"""

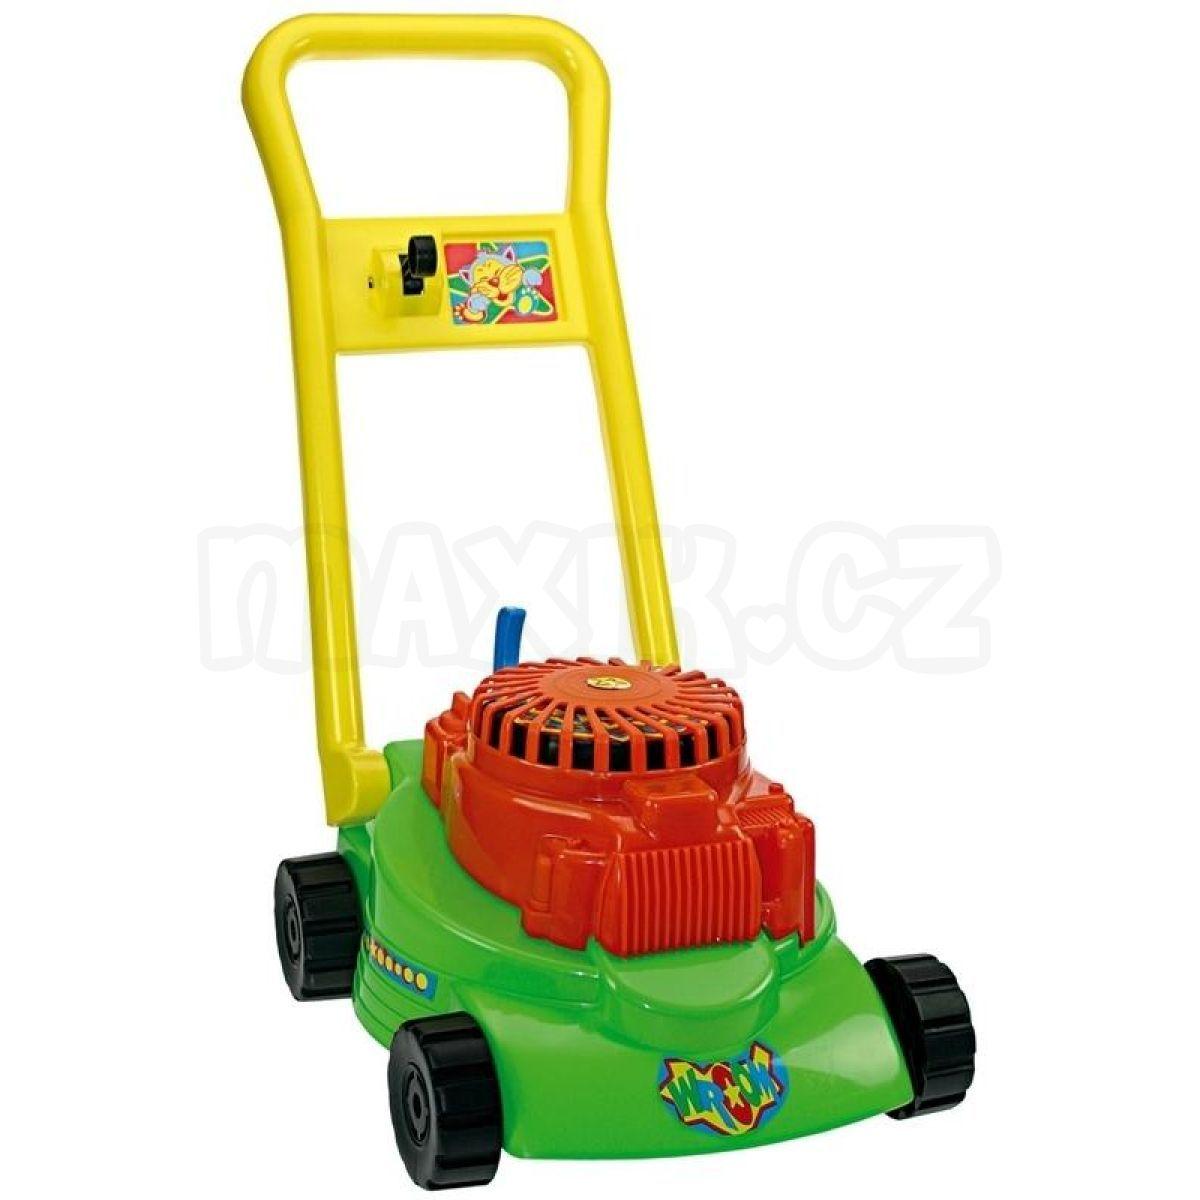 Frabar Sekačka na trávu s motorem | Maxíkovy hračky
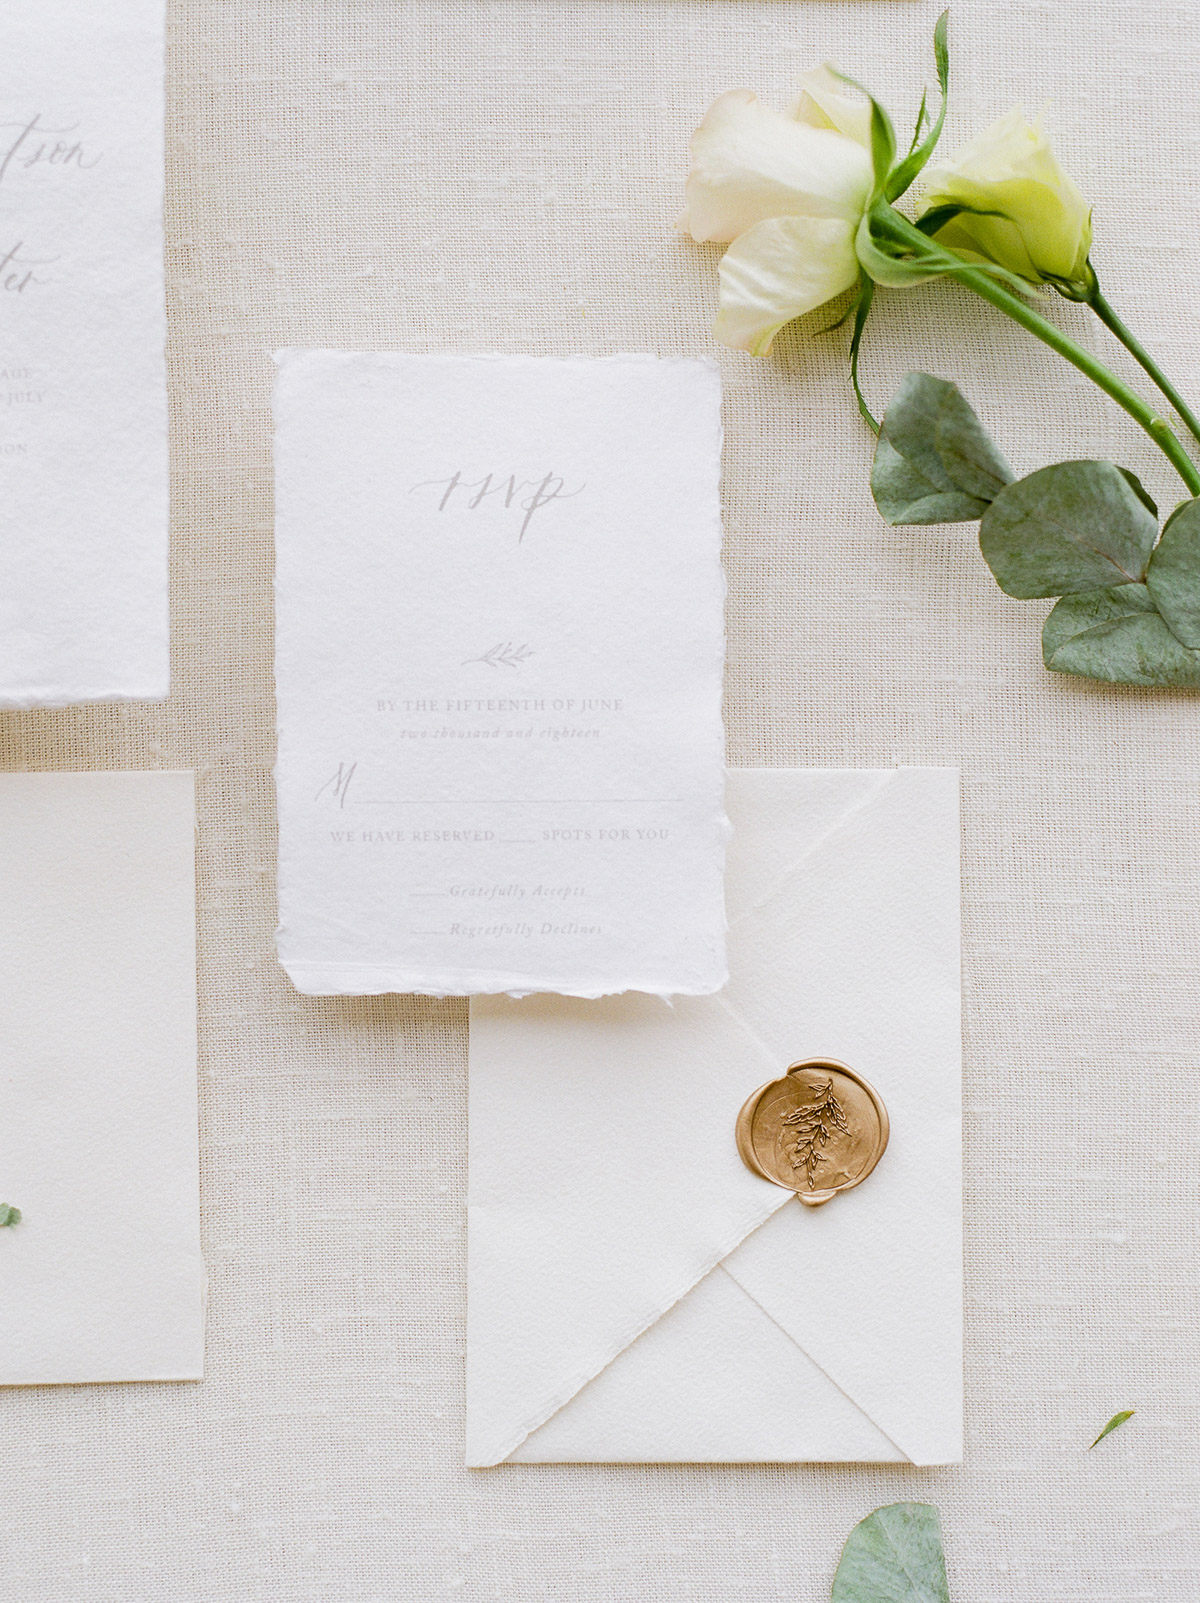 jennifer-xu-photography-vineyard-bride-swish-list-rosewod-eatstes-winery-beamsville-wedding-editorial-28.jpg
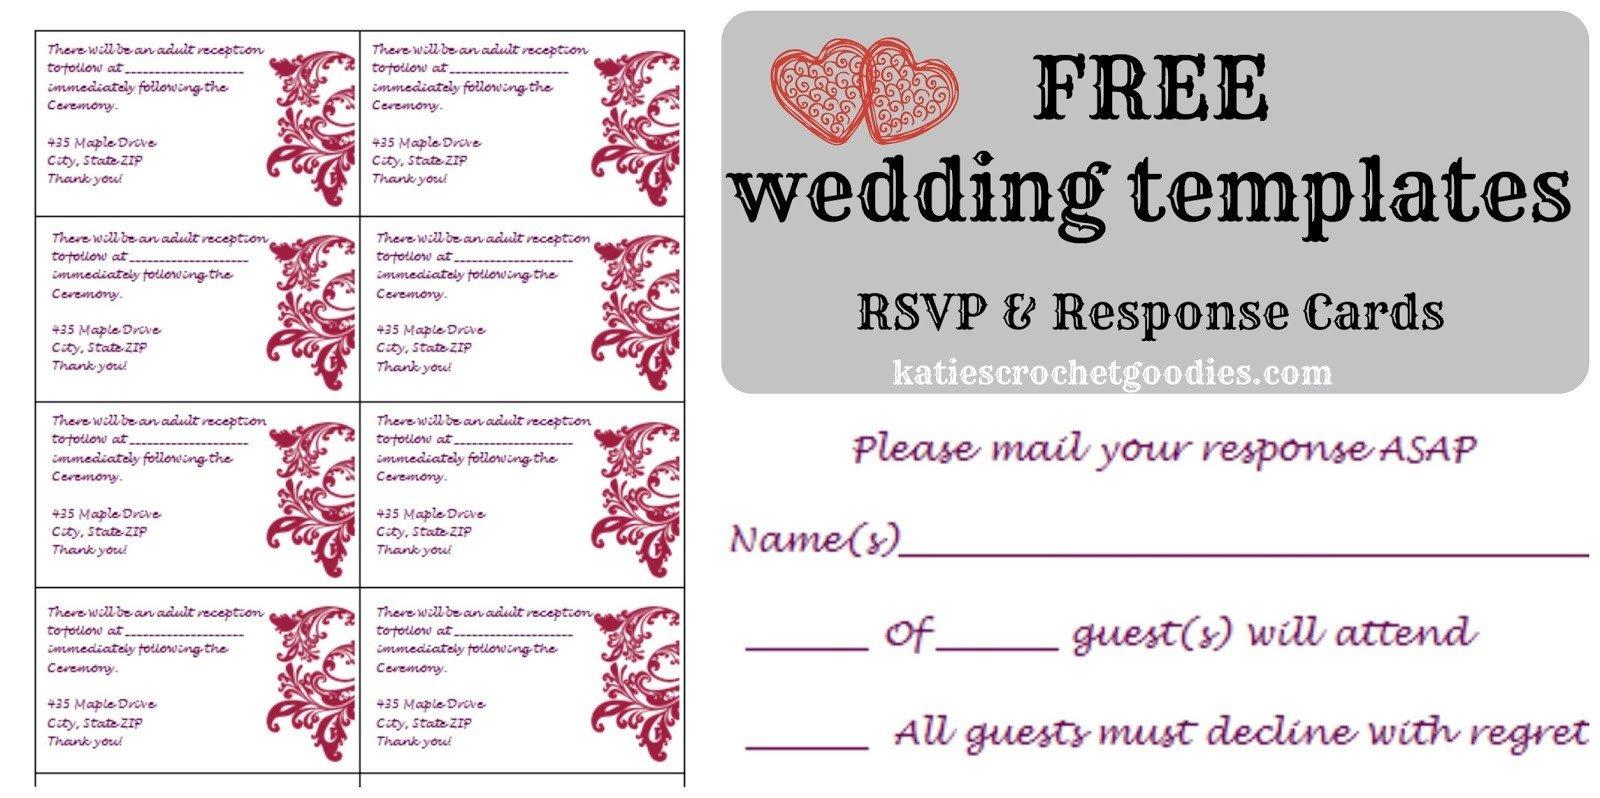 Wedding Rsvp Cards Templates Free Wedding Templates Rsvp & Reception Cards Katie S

"""

*What you will do*: Quote everything in the listing above exactly; pictures are the only thing to omit.

*Answer space*:
 Frabar Sekačka na trávu s motorem | Maxíkovy hračky
 jennifer-xu-photography-vineyard-bride-swish-list-rosewod-eatstes-winery-beamsville-wedding-editorial-28.jpg
 Wedding Rsvp Cards Templates Free Wedding Templates Rsvp & Reception Cards Katie S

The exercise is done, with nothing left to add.